By Peter Tchir of Academy Securities
The President undid a few things yesterday with a single post on Truth Social yesterday. It sparked a market rally of almost 10% in the S&P 500.
Had we done this on “Liberation Day” I think stocks would have sold off a touch. The tariff rate was close enough to reciprocal that markets would have digested it (I still think true reciprocal would have been better, as it was priced in, but this was close). The 90 days makes a lot of sense as it gives time to actually negotiate, and for importers to think through alternatives (if they need).
But, with the rates China has applied to them, we have raised U.S. overall tariff rates quite a lot since China is a large exporter.
The Do-Over also reduces the risk that Europe or other countries retaliate with tariffs targeted at services (i.e. tech). That is a big deal.
Yesterday’s rally leaves the Nasdaq almost back to its pre-Liberation Day levels. The S&P 500 and Russell 2000 are a bit further away.
My view is that had this policy been announced originally, we would have had a small sell-off as China would have been hit, but no one else would have seen material tariffs, and most would have negotiated anyways. So, should we be back here?
My take is yesterday’s rally got us into the right zone as to where we would be had this been the original deal on Liberation Day. I’d err to the side that we might be at the high end of the range, and that seems to be what the market is telling us at the moment as stocks are down 2%.
Now we can get back to “normal” business (at least until some new major headline hits the tape).
In what direction is the economy is headed? I still think weak, though less weak, less quickly after yesterday’s change. More opportunities for positive developments.
It is much easier to be bearish bonds again though. The only real budget item that we seemed to get in the last week (now that tariff revenue is delayed for everyone except China) is that the military spending is likely to grow. I was never a big believer in tariff revenue being major relief in the budget negotiations, so I’m not too worried about that aspect of the deficit plan. But we need to see progress on that. I think it is probably a good sign that DOGE seemed to slow down the pace of announcements, as they are likely digging deeper and identifying things that can be changed.
The best news, from my end, would be a pivot to building out industries critical to national security.
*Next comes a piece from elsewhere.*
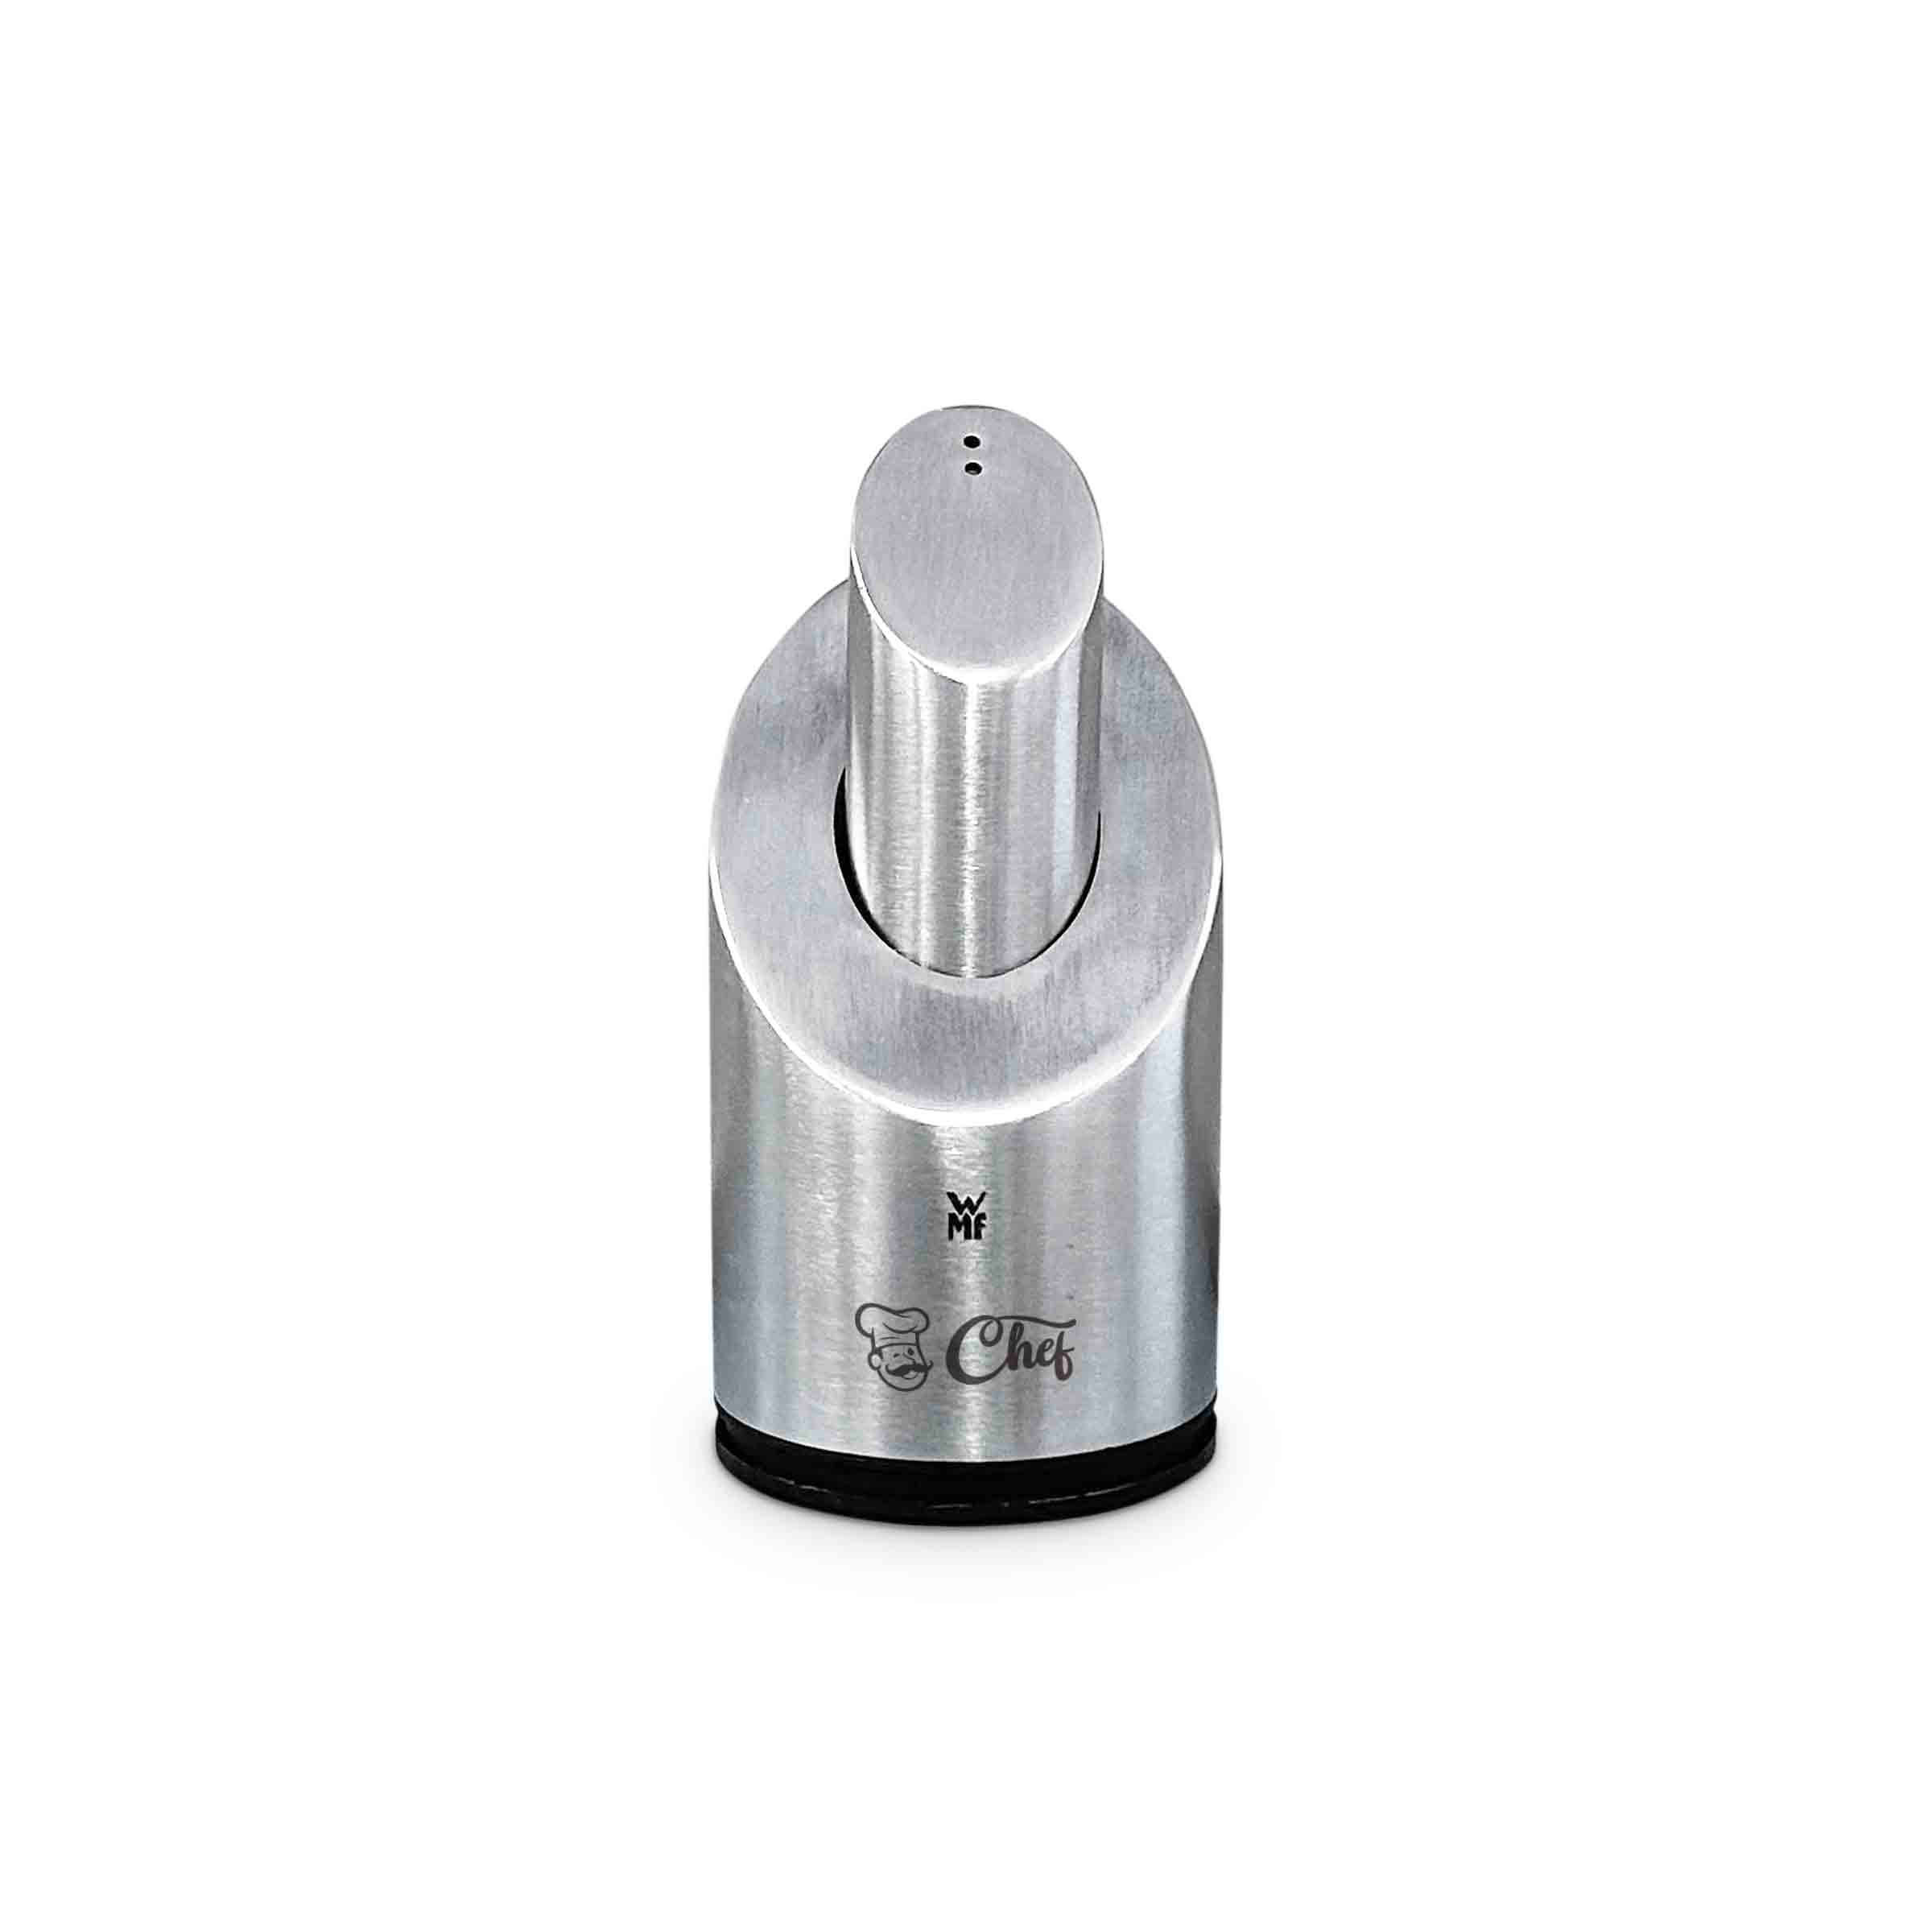 WMF Salt and Pepper Shaker Set Two in One Silver - Personalisation with an engraving and a sleeve
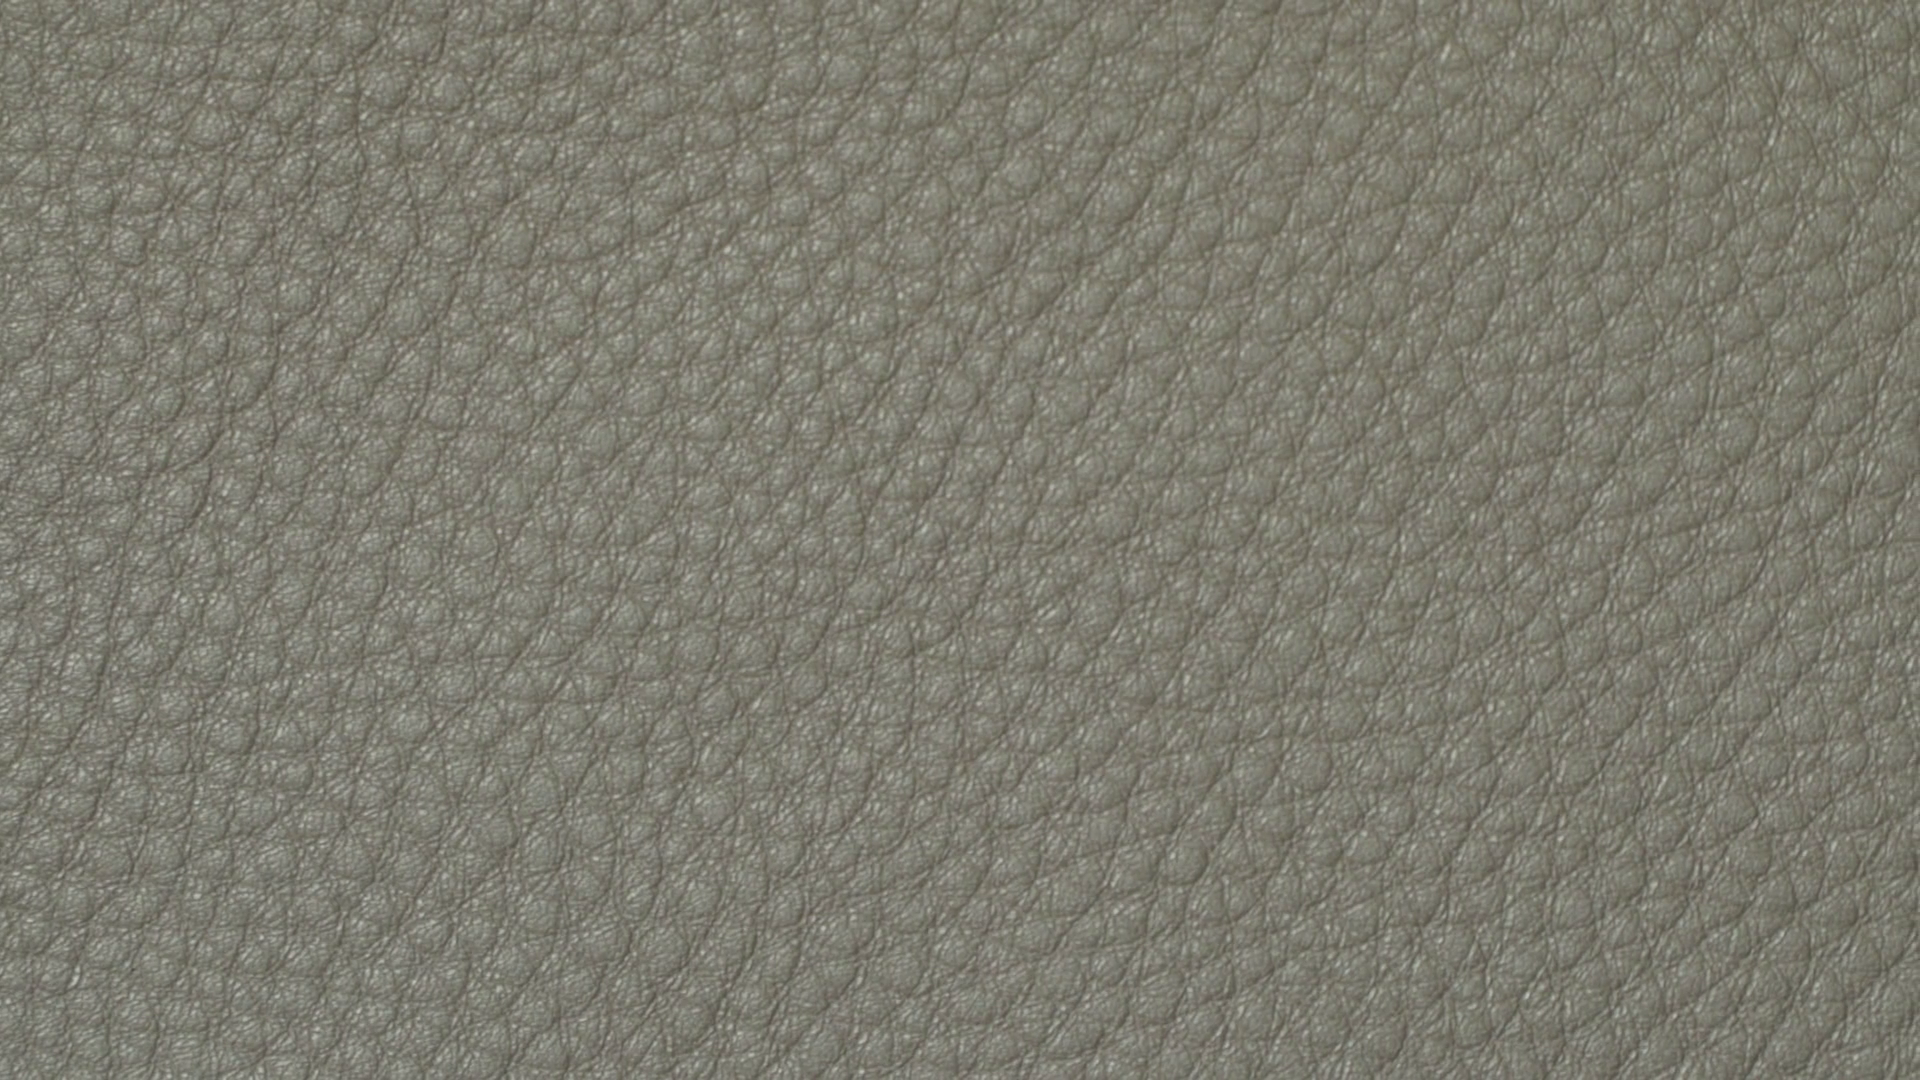 Leather texture surface. Concept of natural grain cow leather ...

Chips, energy, rare earths and critical minerals, ship building, pharmaceuticals are all things we need (I do think we can partner with countries, though I’m not sure if that is on the admin’s agenda or not). Launching plans to get those things going would be great and what I was hoping for from day 1.
Expect markets to be a bit less volatile in the coming days as the news comes in dribs and drabs, but be prepared for more potential market moving headlines (which is maybe why VIX hasn’t dropped as much as it normally would).